Capt Mbaye Diagne: A Forgotten Legend of the Rwanda Genocide by Lord Reginald Sagay
Captain Mbaye Diagne was indeed a good man in Rwanda.
Twenty years ago, Rwanda descended into the madness of genocide. UN peacekeepers were stretched to breaking point – but one stood out, taking huge risks to save hundreds of lives. he was born for a particular purpose and he lived to fulfill it. He died so that others can live. He did not have the power to give life but surely had the power to save and rescue one.
This is a story of one of the bravest soldier and a legend Africa is yet to celebrate.
Capt Mbaye Diagne was in his mid-30s, from a small village in northern Senegal, and a man of immense charm. Tall, gap-toothed and easygoing in Aviator sunglasses, his humour put people at their ease even in one of the darkest chapters of modern history.
It all started in April 6th 1994 when the plane carrying the Rwandan president, a member of the majority Hutu population, was shot down. Everyone on board was killed. Within hours Hutu extremists seized power and a tidal wave of murder was unleashed against the minority Tutsi population, and anyone prepared to defend them. It was one of the bloodiest genocide in the history of Africa where in about 100 days over 800,000 were killed and a further 2,000,000 people were displaced.
The Rwandan Army came for Prime Minister Agathe Uwilingiyimana that first night.
As gunshots fired continuously, her five children, were bundled through a chain link fence to be hidden in a neighbour’s house.
“There was more gunfire," says Marie-Christine, the prime minister's daughter, who was 15 at the time.
"Then we heard the soldiers scream for joy and after that there was nothing but an eerie silence.”
Agathe Uwilingiyimana was a moderate Hutu, not a Tutsi, but she was killed because she was ready to share power with them. Had the killers found the children they would have been slaughtered too.
It was Captain Mbaye Diagne the unarmed UN observer who decided to rescue the kids and hid them under a tarpaulin and drove them in his unarmoured car to the UN-guarded Hotel des Mille Collines.
Diagne continued his one man rescue missions as the horrors continued to unfold around him. Having discovered that 25 Tutsis were hiding in the basement of a Kigali house, he took them-five people at a time, navigating thorough many militia checkpoints and ensured their safety. At one point, an unarmed Diagne had to reportedly steer through 23 checkpoints guarded by armed militiamen to save his passengers.

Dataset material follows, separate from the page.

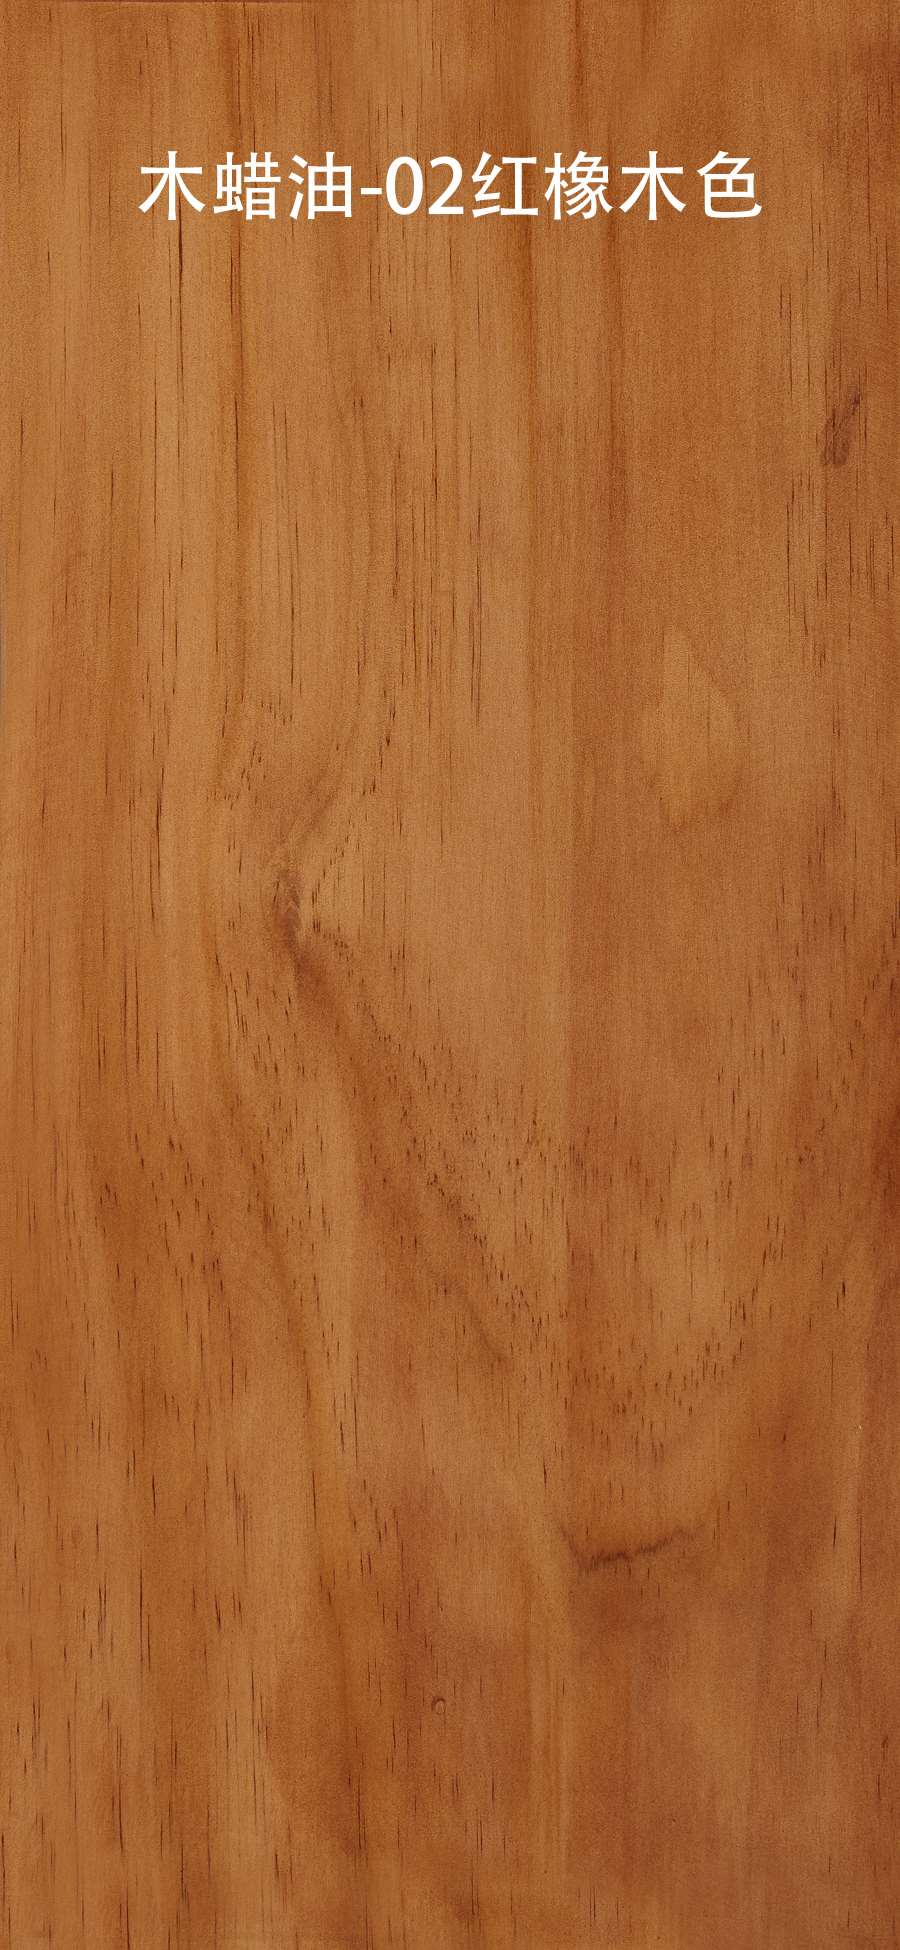 高档实木纯木头电脑桌简约桌子方形木质设计师办公桌家用书桌工作

So, how did Mbaye Diagne manage to accomplish these remarkable missions? According to former colleagues, Diagne’s natural charisma and ability to diffuse a delicate situation with his sarcastic sense of humor often saved his life, along with those of the “dozens upon dozens” he rescued. Diagne’s commanders including Gen. Dallaire soon came to know of his actions, which were both against his orders and in violation of the UNAMIR’s mandate. Gen. Dallaire never moved to reprimand or stop him. Romeo Dallaire himself used his extremely ill equipped force with limited resources to create “safe zones” for the Tutsis, while strategically ordering his forces to protect areas, where he had information that people were hiding. His actions meant that thousands of Tutsis escaped slaughter.

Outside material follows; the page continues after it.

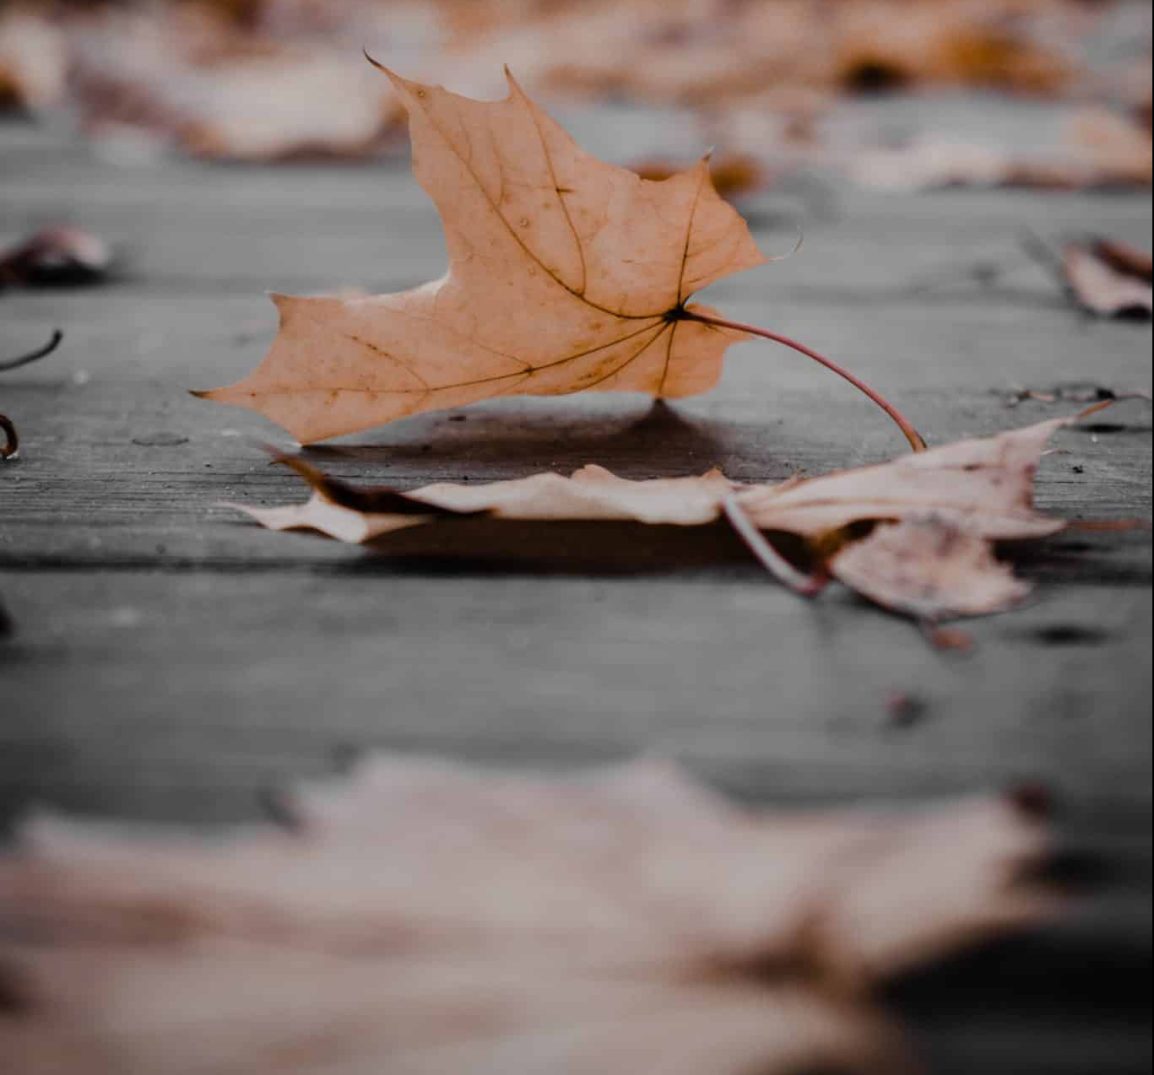 A Fallen leaf

It must be noted that when the genocide broke out United Nations gave a strict order that the UN peace keepers and observers were not to engage under any circumstances whatsoever so this means that the UN peace keepers and observers were in actually unarmed during their mission in Rwanda hence you can imagine the circumstances within wish Captain Mbaye operated.
After Rwanda was abandoned to its own fate by the world, Captain Mbaye Diagne kept saving as many people as he could. Shocked by the atrocious massacre of thousands of innocent people perpetrated before his eyes, he spared no effort to save the biggest possible number of people. Without the use of weapons, and having to deal with genocidal militias, he discussed and negotiated with killers to convince them to let the small groups of up to five people he carried in his white UN car go through.
During two months, the man who was called “the bravest of the braves” continued his rescue missions. They say no one knows the exact number of people he rescued at different occasions during the Rwanda Genocide but it could be over 800 people rescued by one unarmed and couragous man Until on the 31 of May 1994 he was deadly hit by a mortar shell while carrying a message to General Dallaire. He was 36 years old when he died.
He was buried with military honors in his native Senegal.
As Africans we have an obligation to make sure that the good and bravest names in our history are kept and preserved so the younger generation can read and learn from. The League of Justice calls on the President of Rwanda in the person of Paul Kagame who was at the time also fighting for peace in Rwanda to at least make a day in honour of this Senegalese soldier who dedicated his life for the Rwandan people or erect a big statue in his honour in Rwanda.